Page 2 INTRODUCTION [1] The complaint concerns the failure of the first respondent to deduct an amount of R3 615 104.83 from Mr GC Gravett s death benefit and pay it over to the complainant in respect of fraud he allegedly committed prior to his death. [2] The complaint was received by this office on 29 April 2008. A letter acknowledging receipt thereof was sent to the complainant on 23 May 2008. On the same date a letter was dispatched to the first respondent giving it until 23 June 2008 to file its response to the complaint. [3] Responses were received from the first respondent on 23 June 2008 and from the second respondent on 4 June 2008 and 25 June 2008. However, the second respondent indicated in her response that she agrees with the first respondent s response and does not wish to add anything. The first respondent s response was forwarded to the complainant on 30 July 2008, in the event that it wished to make any further submissions. The complainant omitted to file any further submissions. [4] Having considered the written submissions before this tribunal, it is considered unnecessary to hold a hearing in this matter. As the background facts are well known to all the parties, only those facts that are pertinent to the issues raised herein shall be repeated. The determination and reasons therefor appear below.
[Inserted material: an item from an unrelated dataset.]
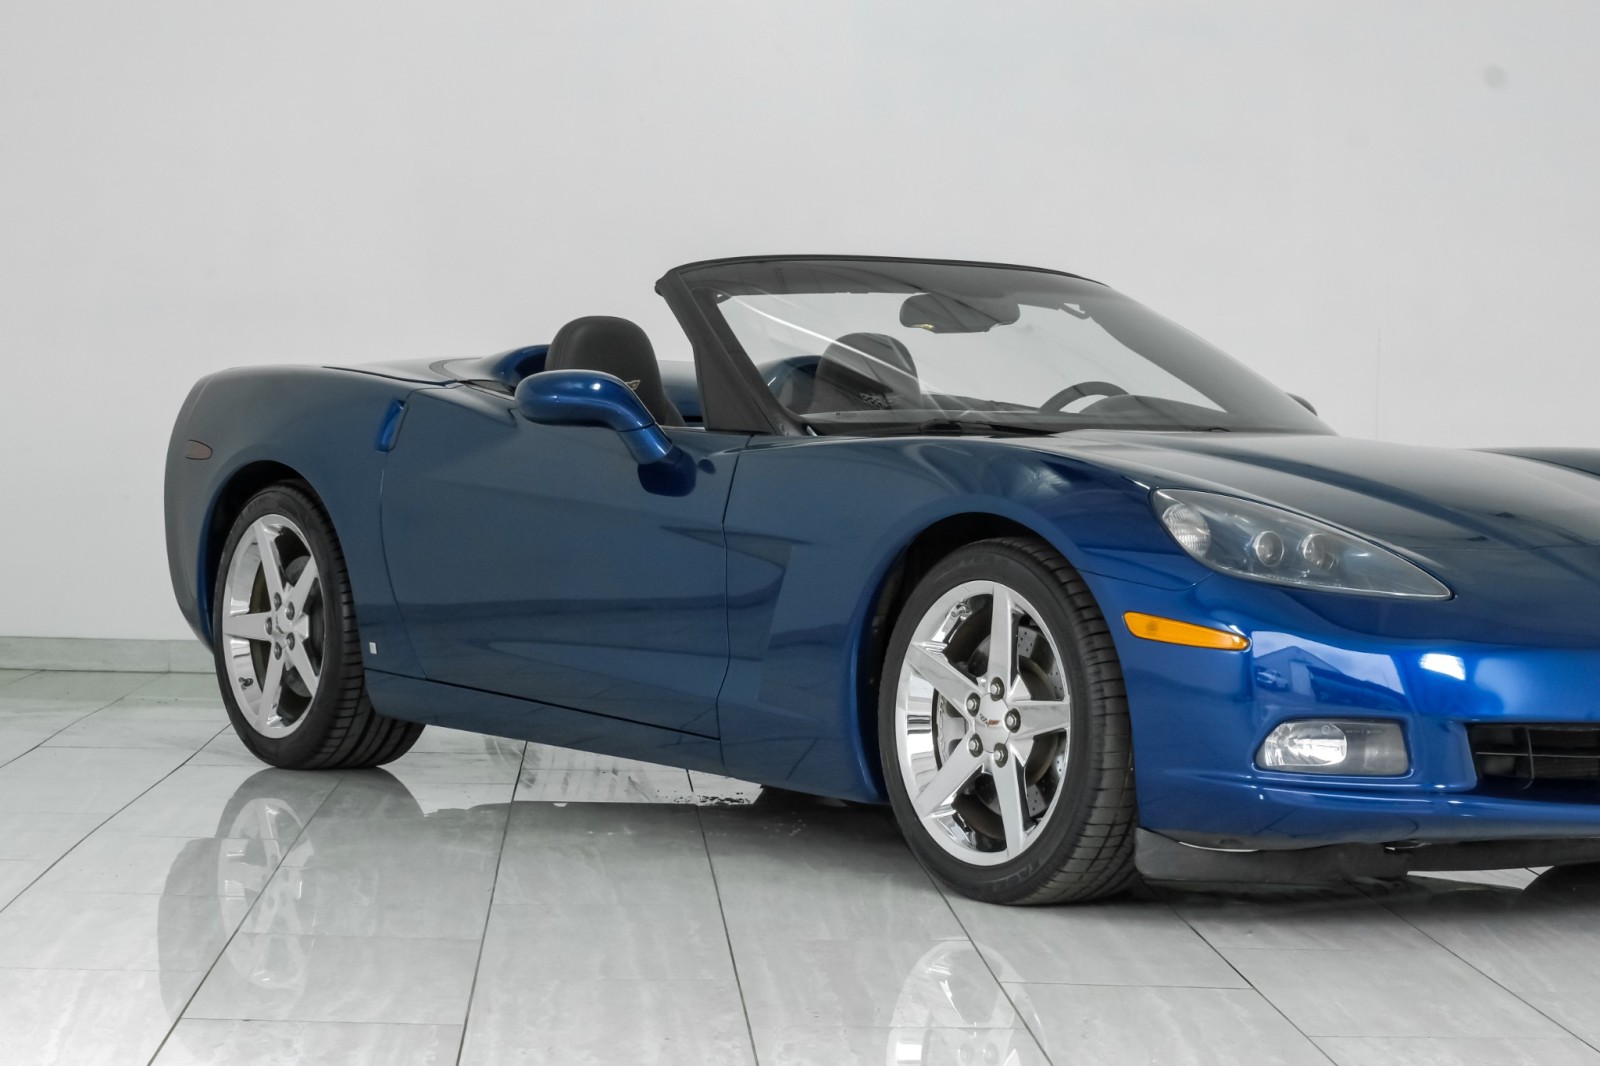 2007 Chevrolet Corvette Convertible AUTOMATIC NAVIGATION HEADUP DISPLAY LEATHER HEATED 4
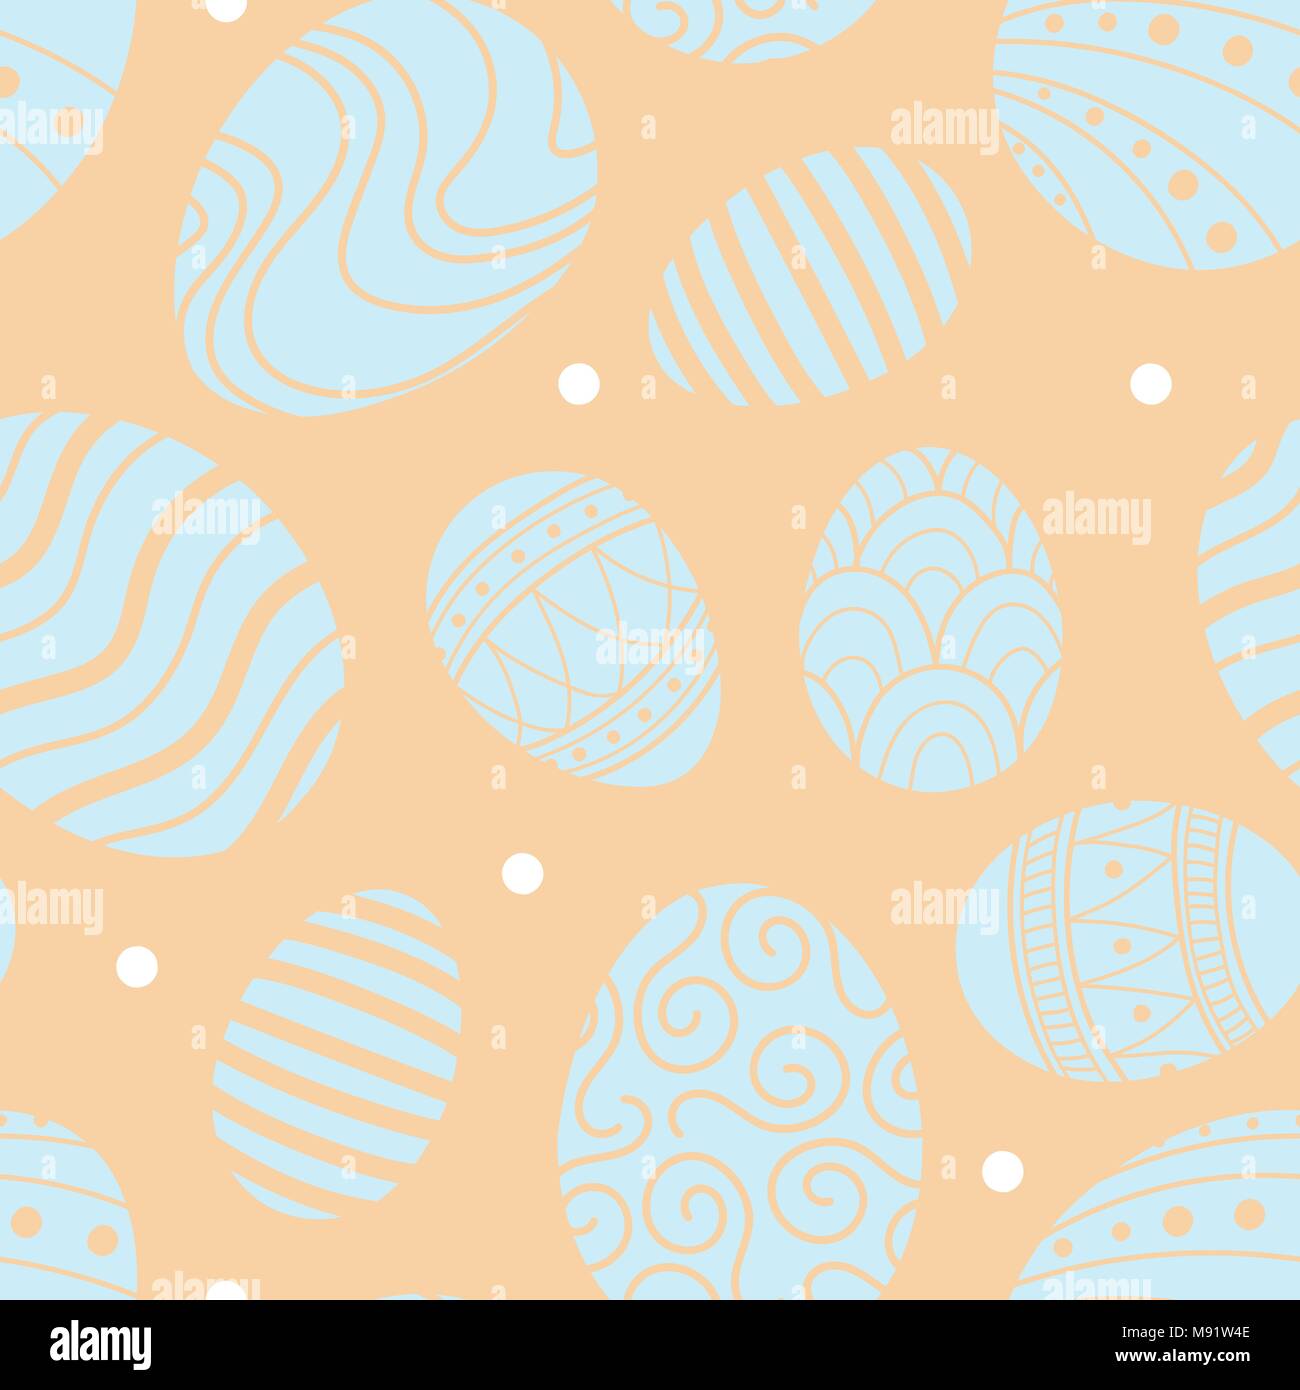 Easter eggs in blue silhouette and pastel pink dots random on pink background. Cute hand drawn seamless pattern design for Easter festival in vector i Stock Vector

Page 3 FACTUAL BACKGROUND [5] Mr GC Gravett ( the deceased ) was employed by the complainant and was a member of the first respondent by virtue of his employment. The deceased remained a member of the first respondent until he was suspended by the complainant for allegedly committing fraud in the amount of R3 615 104.83. The deceased subsequently passed away on 11 September 2007 prior to his disciplinary hearing. [6] Upon the deceased s death, a death benefit became available for distribution to his beneficiaries. The board of the first respondent made a decision to distribute the death benefit to all identified beneficiaries of the deceased in view of the fact there was no admission of liability for fraud by the deceased and there was no court judgment in favour of the complainant. However, the board subsequently decided to withhold payment of the death benefit pending a determination by this tribunal. The refusal of the first respondent to deduct the amount of fraud from the deceased s death and pay it over to the complainant now form the subject matter of this complaint. COMPLAINT [7] The complainant is a company with limited liability properly registered in South Africa and is a participating employer in the first respondent. The complainant

Page 4 stated that the deceased misconducted himself by wrongfully and unlawfully profiting from a fraudulent scheme in which he was instrumental in misappropriating monies from the company. The complainant contends that the deceased made use of fictitious business trading as Express Engineering, wrongfully prepared and submitted false invoices for work purportedly rendered by Express Engineering to the complainant over the period from 2001 until June 2007. [8] The complainant submitted that the deceased s conduct was fraudulent and amounts to wrongful misappropriation of monies from the company. It argued that KPMG conducted a forensic audit and concluded that the extent of the fraud amounted to R 3 615 104.83 (three million six hundred and fifteen thousand one hundred and four Rand and eighty three cents). Further, it averred that the forensic audit indicates that the deceased s fictitious company, Express Engineering, received payment of the above amount during the period from 2001 until June 2007. [9] It further submitted that the deceased admitted liability for the fraud on 10 September 2007 during the course of the investigations. The complainant argued that the deceased undertook to provide it with a written acknowledgement of liability in respect of the monies he had unlawfully misappropriated prior to his death. Furthermore, the complainant stated that the second respondent, (the deceased s wife), confirmed in a statement and a written affidavit that the deceased had confessed to her during 2007 that he had been involved in a fraudulent scheme in which he defrauded the company. It indicated that the following extract appear from the written acknowledgement of debt by the deceased:

Page 5 Skuld Erkenning Ek George Charles Gravett 61070205043083 het besluit skuld te erken. Ek was verkeerd maar is verskriklik jammer oor wat ek gedoen het, ek hoop dat as ek meer inligting vorendag gekom het of julle sys al versagting gee want ek was nie alleen betrokke nie. Die ergste ek kan nie eers n sent wys nie, ons besit nie n huis nie ons huur ons huis. Die voertule is op huurkoop en behoort aan die bank. Die geld is net eenvouding gemors op dobbel en onnodige luukshede dit het n siekte geword. [10] The complainant averred that the confession made by the deceased to its managers and his wife together with the affidavit wherein he admitted liability constitutes an admission of liability as contemplated in section 37D(b)(ii) of the Act. [11] Therefore, the complainant submitted that the refusal of the first respondent to deduct the amount of fraud from the deceased s death benefit is irrational and amount to an improper exercise of power. The complainant request that the first respondent should be directed to deduct and pay it the proceeds of the deceased s provident benefit in the amount of R479 690.11 or such other amount as may have accrued to date plus interest from 28 March 2008 to date of payment.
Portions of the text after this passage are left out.